BC-38 was an electromechanical cipher machine developed around 1939 by Boris Hagelin, and built by A.B. Cryptoteknik in Sweden (later: Hagelin). As the name suggests, it was derived from its mechanical equivalent: the C-38. The model number was prefixed by a 'B', to indicate that the device has a keyboard. This means that the BC-38 is in fact a C-38 with a motor and a keyboard.

The machine measures approx. 34 x 32 x 12 cm and is therefore significantly larger that its manually operated counterparts. It also needs an external power source. The advantage of having a keyboard and motor-driven operation however, is that it greatly speeds up communication, e.g. in large command centres.

Furthermore, the BC-38 is equipped with a double printer at the left; one for the plain text and one for the cipher text.
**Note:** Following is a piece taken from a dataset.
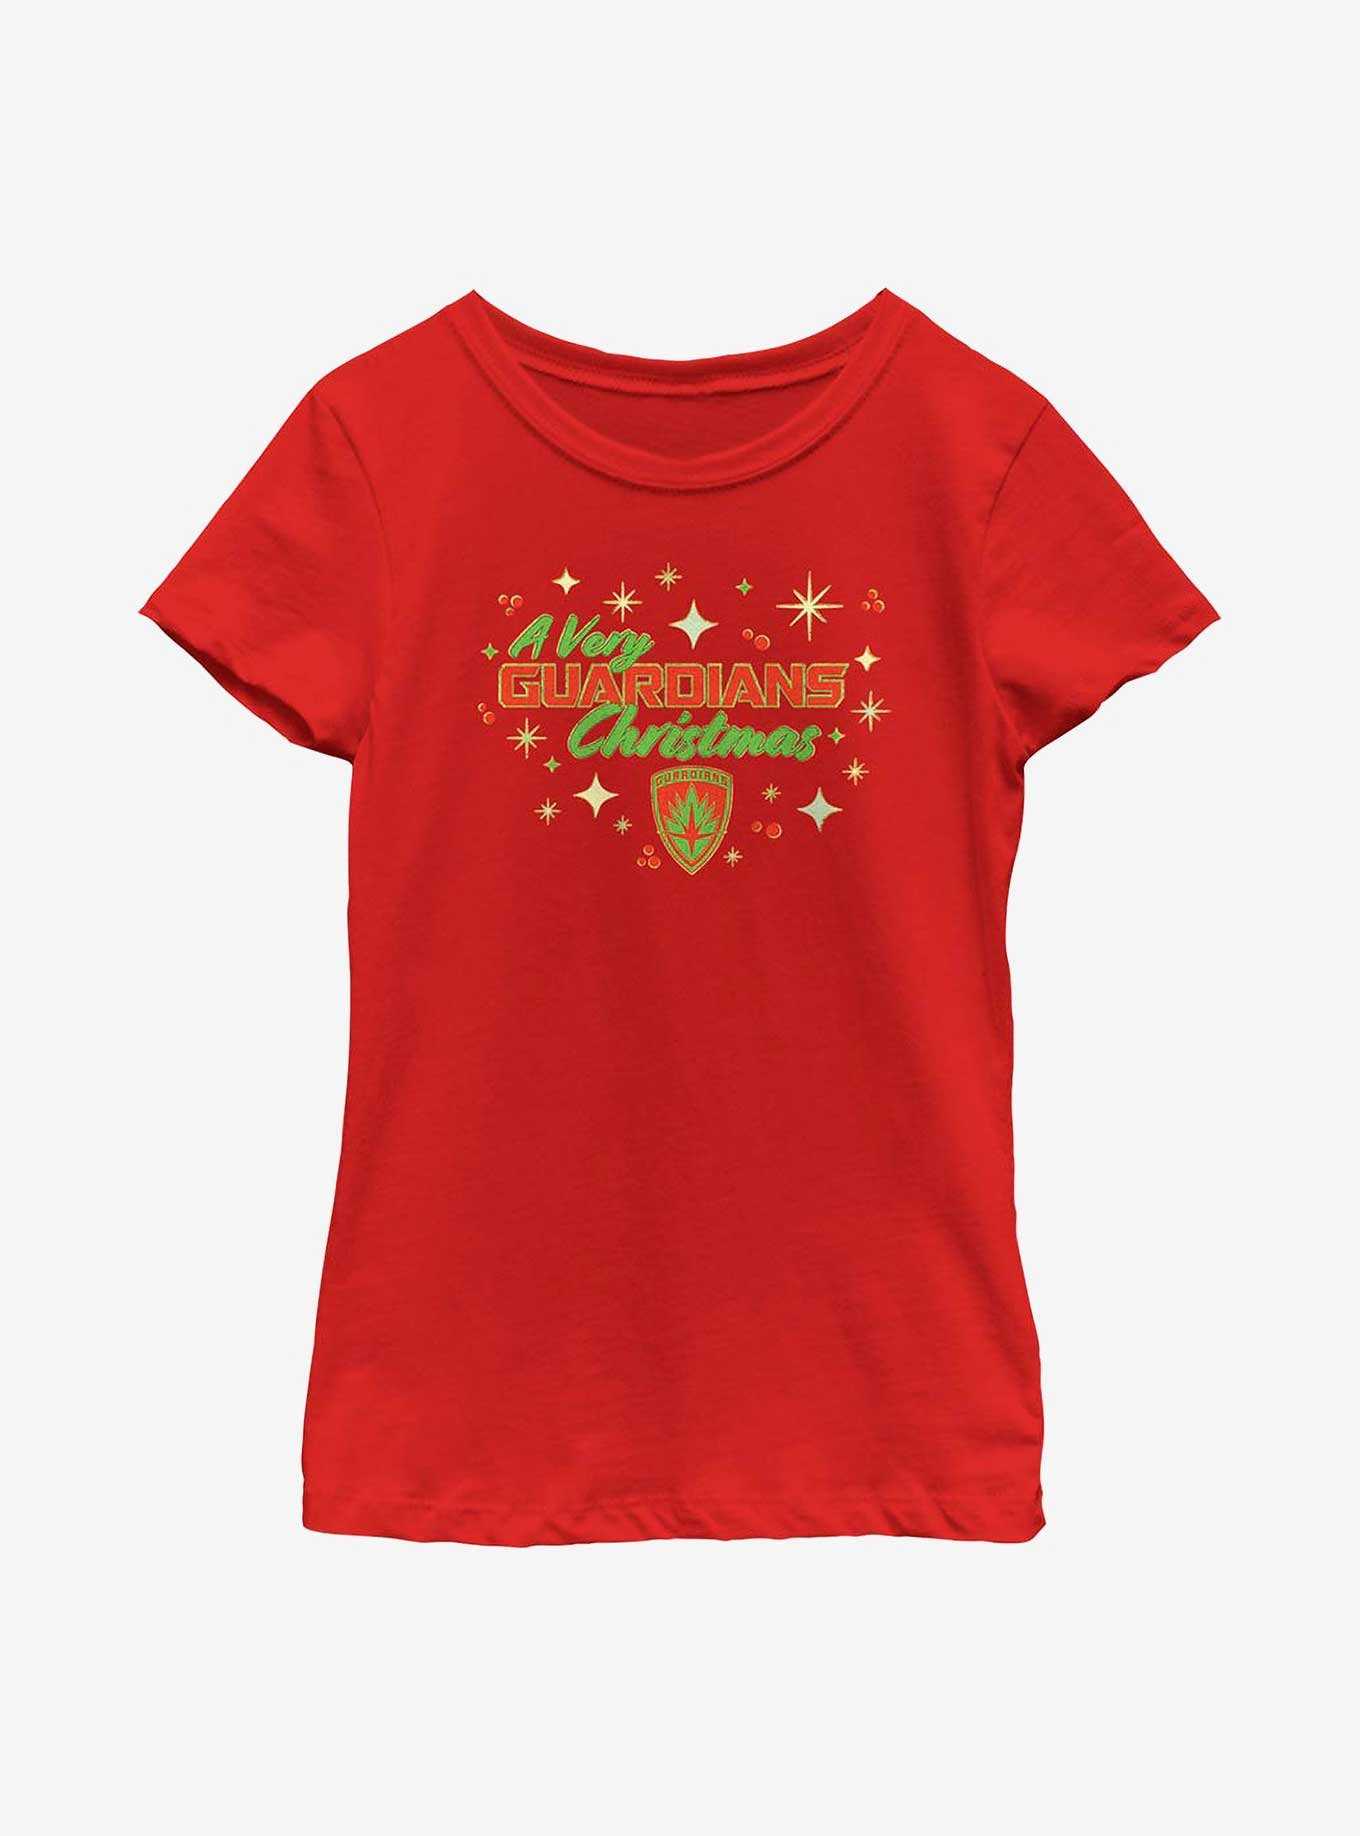 Marvel Guardians of the Galaxy Holiday Special A Very Guardians Christmas Youth Girls T-Shirt, , hi-res

The output is printed directly onto a narrow paper tape, and both printers can be used simultaneously.
  
Typical view of the BC-38 with the lever down

Although the machine is intended for operation from the mains power network (110 or 220V), it can still be operated manually, which is very useful in case of a power loss. For this, a retractable handle is present on the right. It is usually folded down and locked in a neutral storage position, but can be released easily when necessary.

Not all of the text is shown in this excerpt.